TCU vai investigar BNDES e Belo Monte

 

André Borges

O Estado de São Paulo, n. 44544, 01/10/2015. Economia, p. B5

 

O Tribunal de Contas da União (TCU) aprovou a realização de auditoria para investigar um termo aditivo firmado entre o Banco Nacional de Desenvolvimento Econômico e Social (BNDES) e a concessionária Norte Energia, dona da hidrelétrica de Belo Monte, em construção no Pará. A decisão foi tomada pelos ministros da corte de contas, em sessão fechada realizada na quarta-feira. 

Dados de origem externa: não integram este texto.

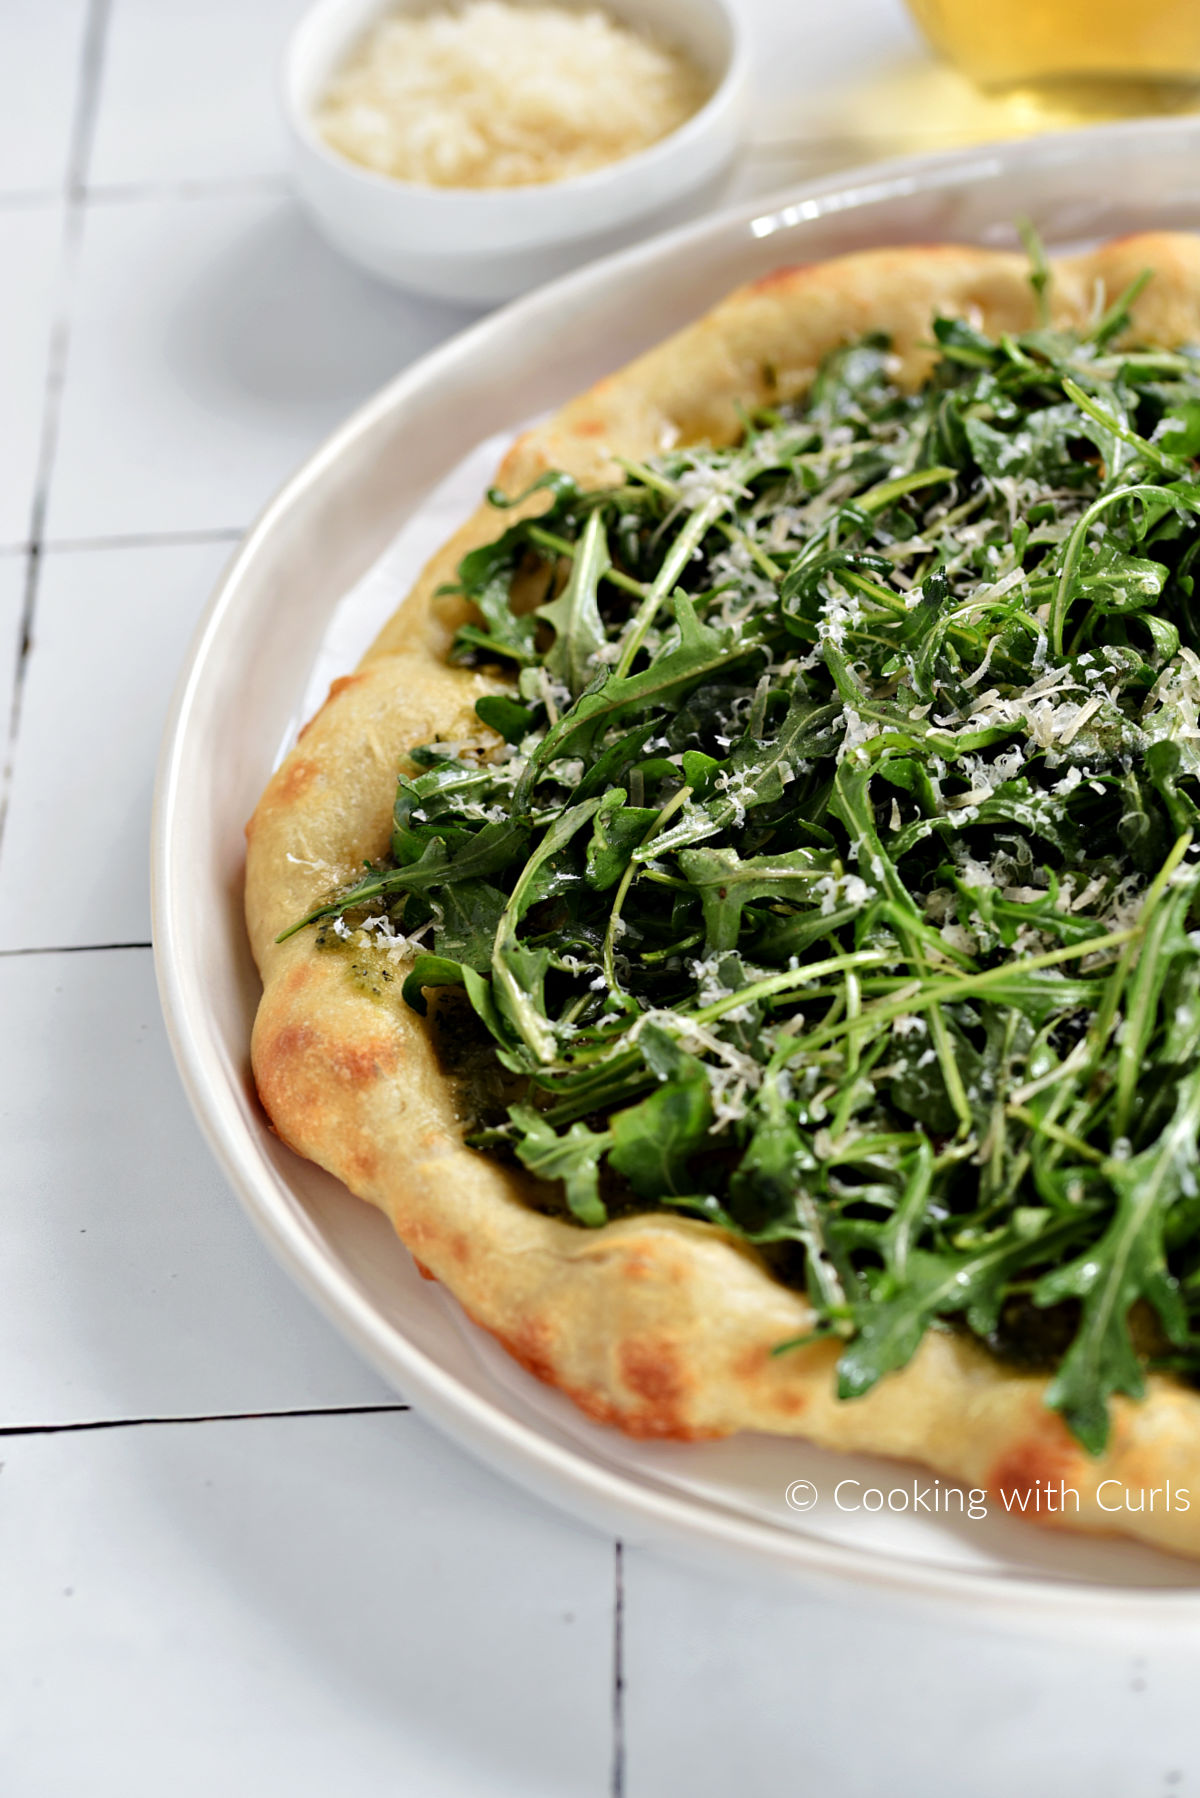 Greens Pizza Recipe with Italian crust, arugula, basil pesto, and grated parmesan cheese.

A informação foi confirmada pelo autor da solicitação ao TCU, deputado Arnaldo Jordy (PPS-PA). “A auditoria foi aprovada com base em minha Proposta de Fiscalização e Controle (PFC)”, disse Jordy. O pedido do deputado foi feito com base em reportagem publicada pelo Estado em 14 de abril, apontando que uma alteração contratual feita pelo BNDES no financiamento de R$ 22,5 bilhões firmado com Belo Monte pode ter livrado a Norte Energia de uma multa com potencial de chegar a R$ 75 milhões.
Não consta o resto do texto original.